Ministerpräsident Armin Laschet der Veranstaltung „Rhein-Ruhr City“ am 21. Oktober 2019 in der Landesvertretung Nordrhein Westfalen in Berlin. Foto: Land NRW/Stefanie Loos

Unser Gastautor Klaus R. Kunzmann sieht die Idee, Olympische Spiele an Rhein und Ruhr zu holen kritisch.  

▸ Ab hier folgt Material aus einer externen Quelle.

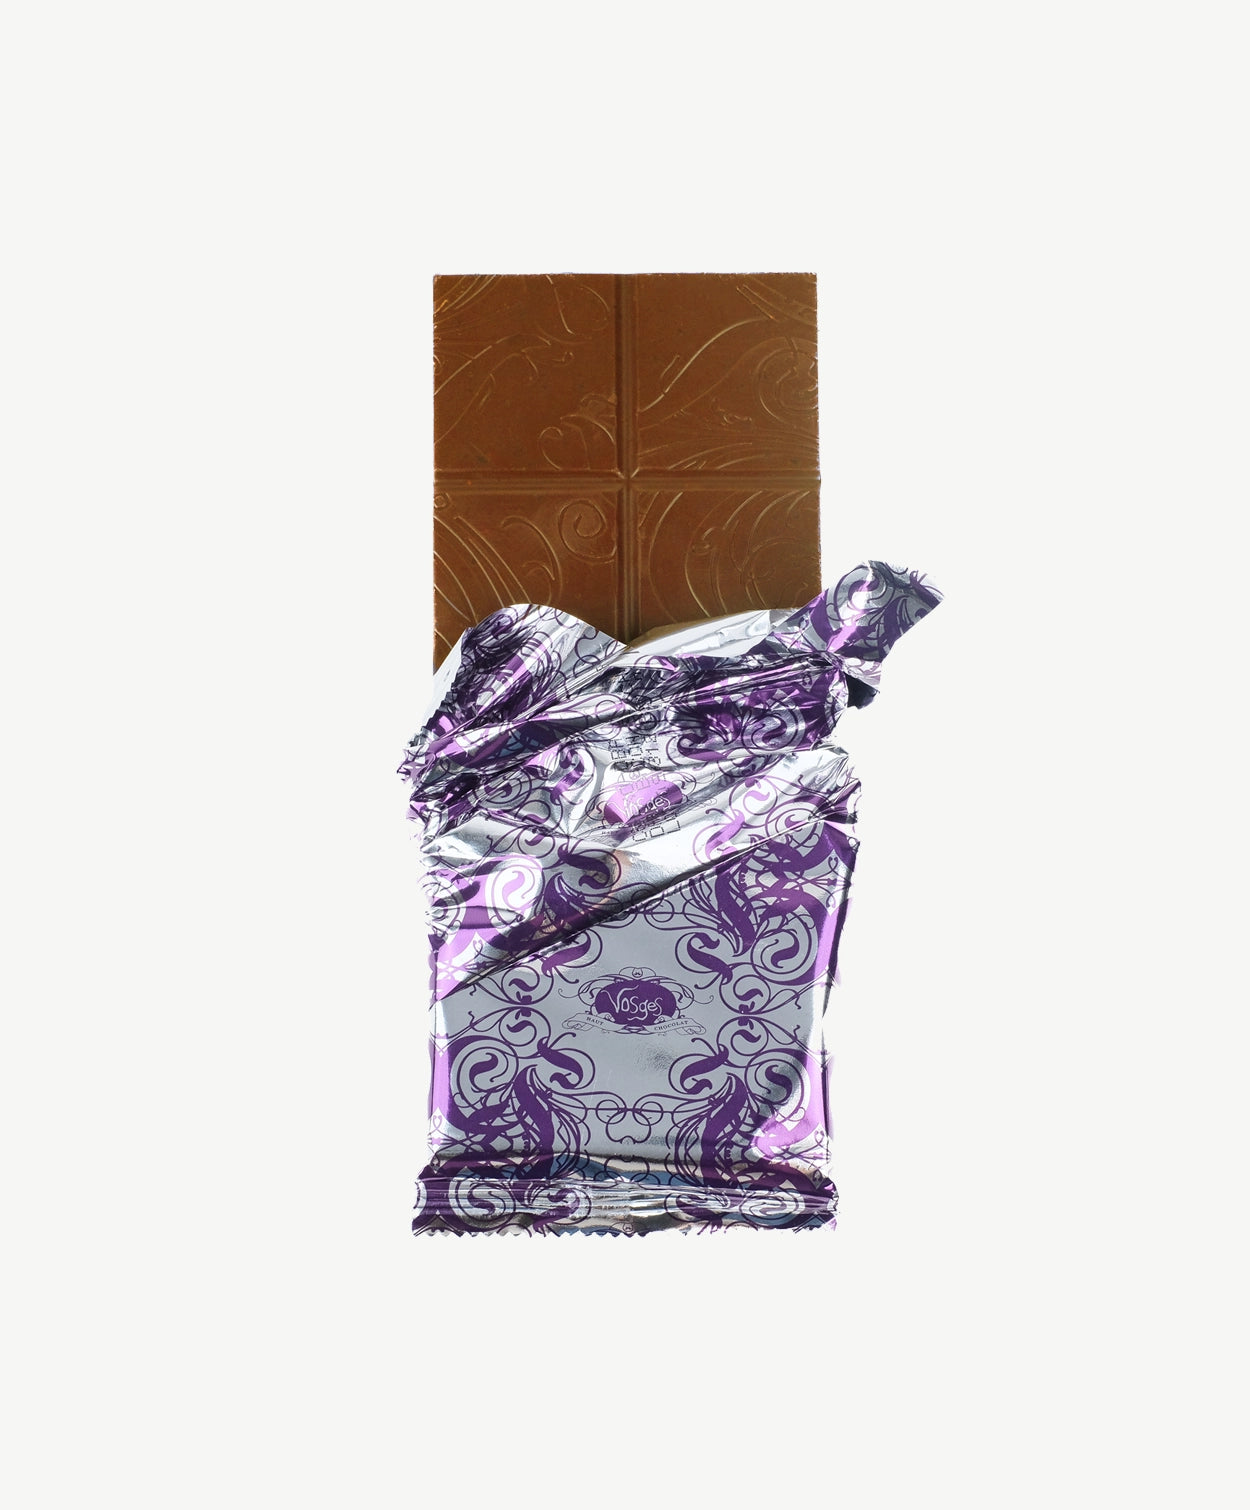 Unwrapped Vosges Mo's Milk Chocolate Bacon Bar in a silver wrapper stands upright on a white background.
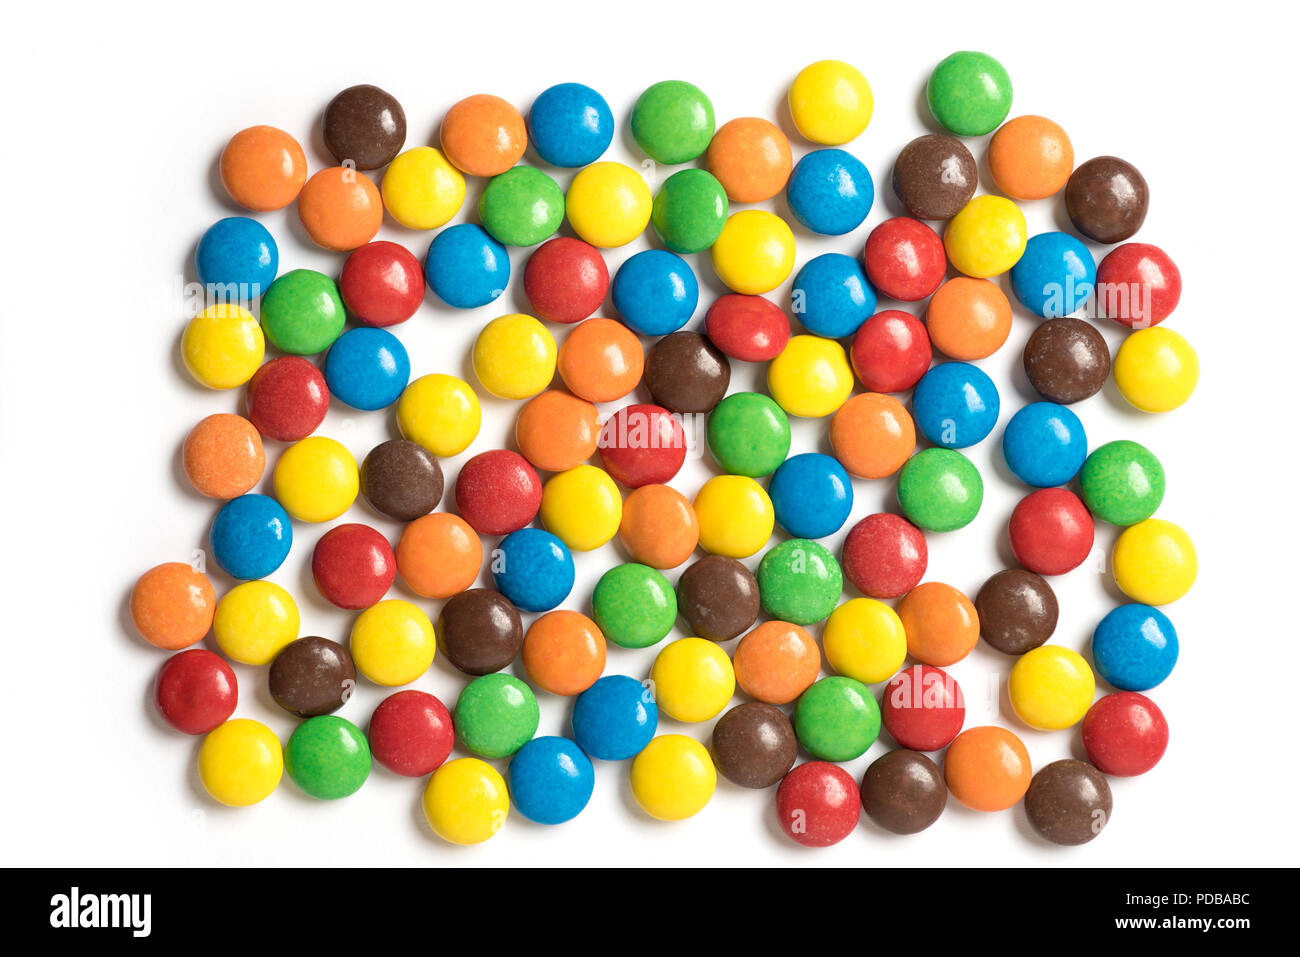 Florence, Italy - 2020, Jan 19: Red M&M character holds a candy

Nun soll es der Sport richten. Was die Politik in NRW nicht geschafft hat, sollen Olympische Spiele möglich machen. Hamburg und Berlin haben ihre Bürger nicht für die Sommerspiele, auch nicht München für die Winterspiele begeistern können. Die Bürger haben dagegen votiert. Nun sollen die schon längst aus den Fugen geratenen Olympischen Spiele den Bürgern der Region Rhein-Ruhr schmackhaft gemacht werden. Es ist aber nicht das erste Mal, dass das Ruhrgebiet von Olympia als Event träumt., und nicht ganz neu ist auch, dass ein kostspieliger Event mit einer wirtschaftlichen  Strategie verbunden wird, die den strukturellen Wandel in der Region beschleunigen sollte. Wolfgang Clement hatte  1996 den Movie Park Germany bei Bottrop-Kirchhellen mit großzügig unterstützt, weil er sich davon innovative Impulse für den strukturellen Wandel der Region erhoffte. Der Freizeitpark mit Schwerpunkt auf dem Thema Film. befriedigt das Eventbedürfnis seiner Besucher, aber seine ökonomische Ausstrahlung in die regionale Medienwirtschaft hält sich bis heute  in Grenzen. Ein deutsches Hollywood ist dort jedenfalls nicht entstanden.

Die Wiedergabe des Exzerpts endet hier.